AJACCIO (Reuters) - Un jeune homme de 19 ans, accusé d'avoir abattu sans mobile apparent son père, sa mère et ses deux frères en 2009 près d'Ajaccio a été acquitté samedi par la Cour d'assises des mineurs de Corse-du-Sud.

L'avocate générale Valérie Tavernier avait requis 18 ans de réclusion, estimant que l'adolescent, Andy, âgé de 16 ans au moment des faits, était pénalement responsable de ses actes.

Lors du prononcé du verdict, rendu samedi vers 1h20 après six heures de délibérations, le président de la Cour, David Macouin, a expliqué que le jeune homme avait été reconnu coupable des faits qui lui sont reprochés mais déclaré irresponsable d'un point de vue pénal en raison d'un trouble mental "ayant aboli son discernement".

En conséquence, la Cour d'assises a ordonné son hospitalisation d'office au sein d'une structure psychiatrique.

L'accusé a toutefois été condamné à verser environ 300.000 euros des dommages et intérêts à divers membres de la famille.

"C'est le verdict que l'on attendait, mais il n'y a pas de joie, il n'y a ni gagnant ni perdant. Aujourd'hui, Andy va être soigné, mais cela va prendre du temps, il ne sait pas dans quel monde il va être plongé", a déclaré un de ses avocats, le bâtonnier d'Ajaccio Marc Maroselli.

Le parquet dispose d'un délai de dix jours pour faire appel.

"Nous attendions cette décision de justice et nous la respectons mais il reste des zones d'ombre qui ne sont pas dissipées", a déclaré l'un des avocats des familles.

L'accusé avait reconnu les faits dès sa garde à vue le 13 août 2009, soit le surlendemain du quadruple meurtre.

"COMME UN ROBOT"

Dans la nuit du 11 au 12 août 2009, alors que ses parents et ses deux frères jumeaux âgés de dix ans dormaient au domicile familial situé à Albitreccia, Andy s'était saisi d'un fusil à pompe et avait fait feu à six reprises.

Andy a déclaré avoir agi "comme un robot". Il a ensuite rempli un sac de vêtements et pris dans le coffre-fort de ses parents la somme de 2.600 euros ainsi que des montres de valeur avant d'appeler le 17 et de signaler un cambriolage : "Allo, je m'appelle Andy, au secours, il y a quelqu'un chez moi, aïe".

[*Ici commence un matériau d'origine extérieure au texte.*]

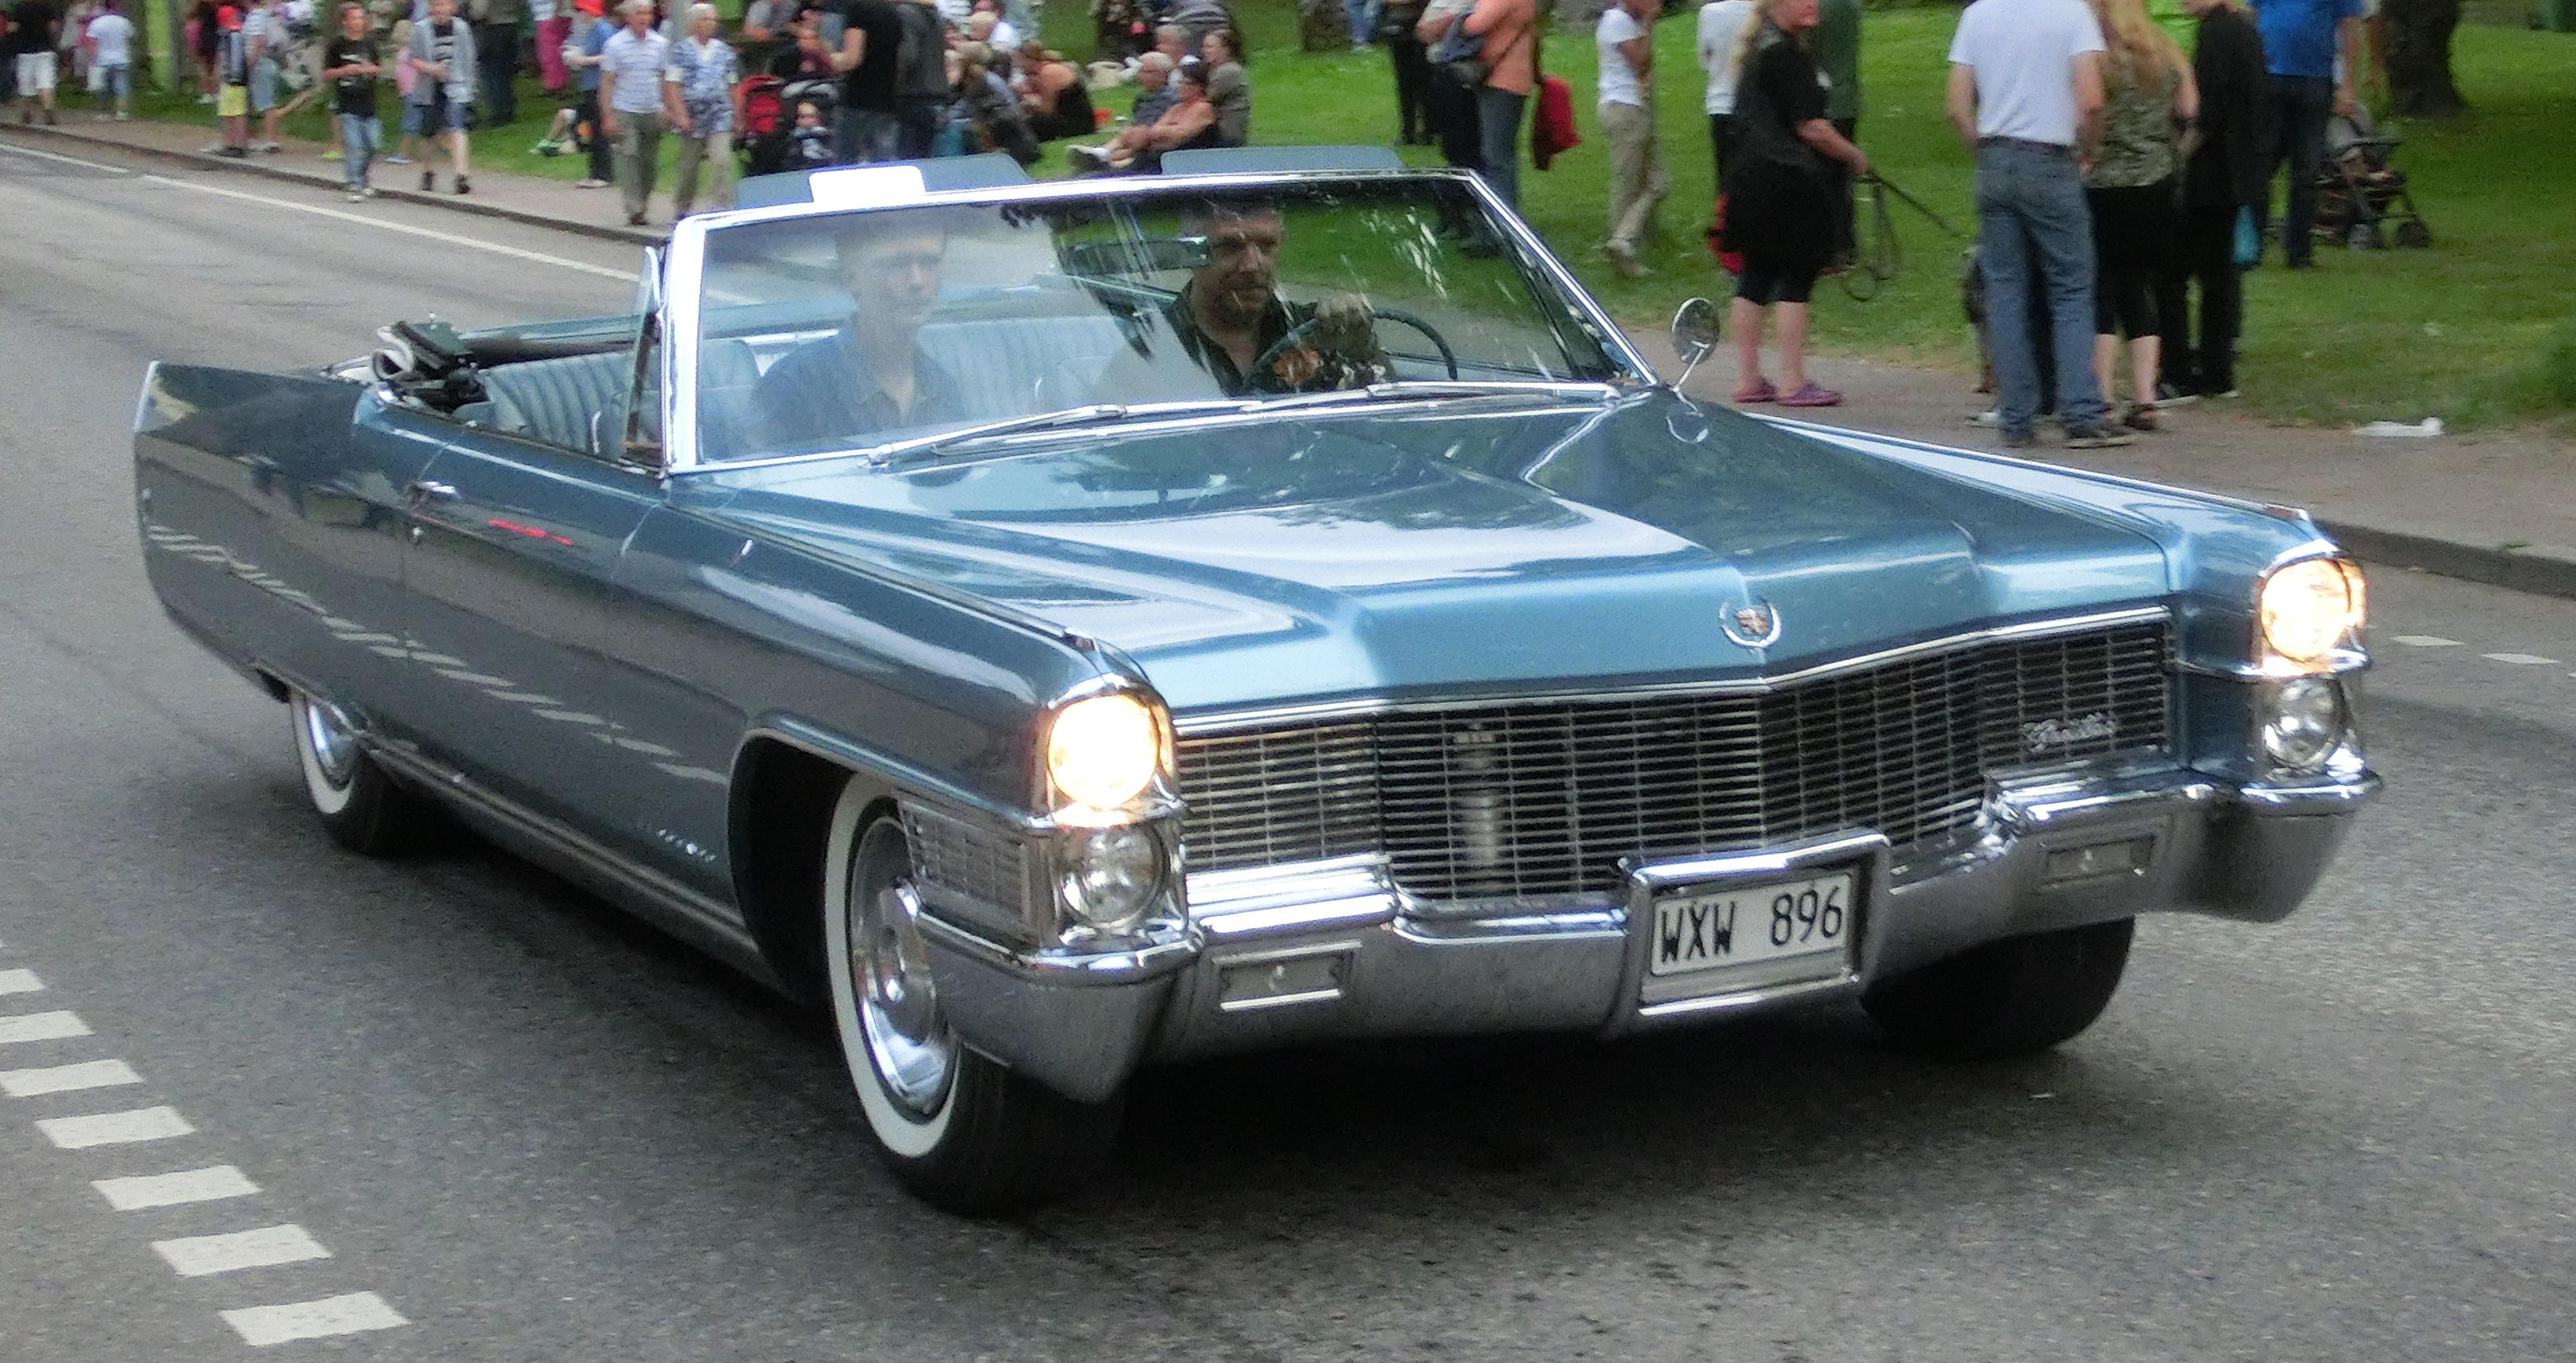 2013 Cadillac Convertible File:cadillac eldorado

Cet appel ne sera pas pris en compte et l'adolescent prendra le maquis où il se débarrassera de ses habits. Le lendemain, il avouera le quadruple meurtre à l'un de ses oncles qui le conduira à la police.

Celui qui a été décrit durant l'enquête de personnalité comme un "garçon sans histoire, gentil, sportif, sérieux" et qui a obtenu son baccalauréat avec mention lors de sa détention, n'a marqué aucune animosité à l'endroit de sa famille.

Son inclination pour les jeux vidéo violents a été pointée par l'un des psychologues, mais les trois collèges d'experts sont apparus en désaccord sur la nature de son discernement. Les uns ont conclu à une abolition qui ne rendait pas le jeune homme accessible à une sanction pénale, les autres évoquant une simple "altération".

Ils ont été en revanche d'accord pour constater des "troubles de la personnalité, notamment de nature narcissique".

Peu avant la clôture des débats, Andy, qui arbore encore un physique d'adolescent frêle, avait déclaré à sa famille maternelle et paternelle qui s'était portée partie civile : "J'aime ma famille, je n'ai pas voulu les tuer."